By the ukase of the Russian Senate of December 31, 1796, the office of governorate general was demoted to the previous level of governorate, and Russia was again divided into guberniyas, which were subdivided into uyezds, further subdivided into volosts ; nevertheless several governorates general made from several guberniyas existed until the Russian Revolution of 1917.

Guberniya in Poland and Finland

For the guberniya as subdivisions of the Kingdom of Poland and the Grand Duchy of Finland; see Administrative division of Congress Poland and Governorates of the Grand Duchy of Finland.

Guberniya in Ukraine

For the guberniya as subdivisions of the Ukrainian People's Republic and the Ukrainian SSR ; see Administrative divisions of Ukraine.

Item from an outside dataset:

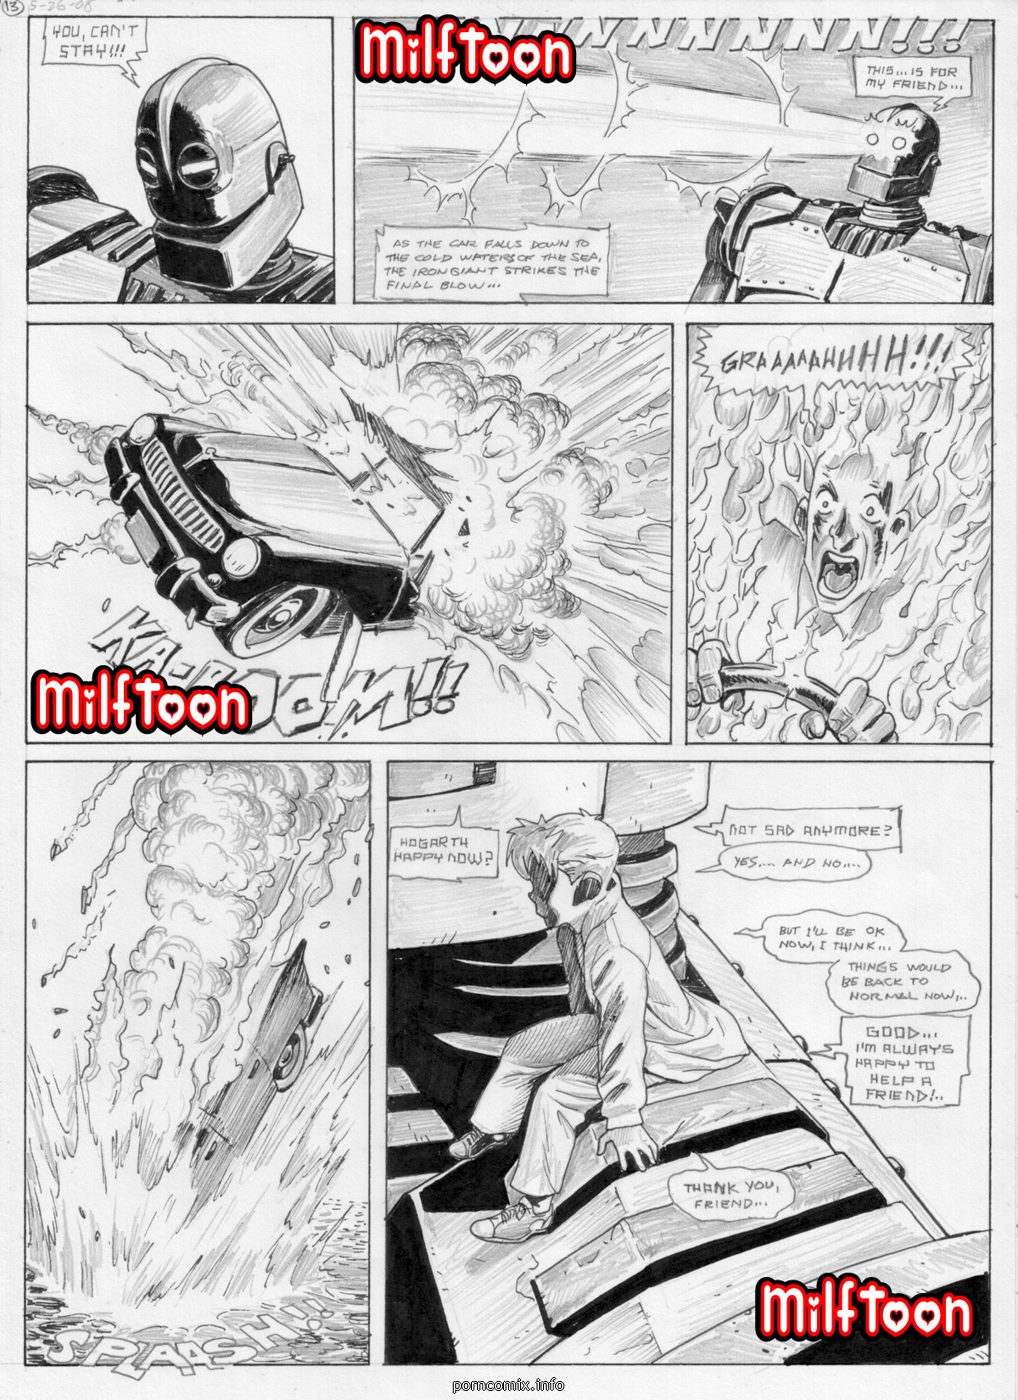 Iron Giant Shadbase Porn - Iron Giant 2 â€“ Milftoon - Comics Army

Post revolutionary changes

After the February Revolution, the Russian Provisional Government renamed governors into guberniya commissars. The October Revolution left the subdivision in place, but the governing apparatus was replaced by guberniya soviets.
Actual subdivisions of the Soviet Union into particular territorial units was subject to numerous changes, especially during the 1918–1929 period. Because of the Soviet Union's electrification program under the GOELRO plan, Ivan Alexandrov directed the Regionalisation Commission of Gosplan to divide the Soviet union into thirteen European and eight Asiatic oblasts, using rational economic planning rather than "the vestiges of lost sovereign rights". Eventually, in 1929, the subdivision was replaced by the notions of oblast, okrug, and raion.
In post-Soviet republics such as Russia and Ukraine, the term Guberniya is obsolete, yet the word gubernator was reinstated and is used when referring to a governor of an oblast or a krai.

Other uses

There is another archaic meaning of the word as the word denoted a type of estate in former Lithuania of the Russian Empire till 1917.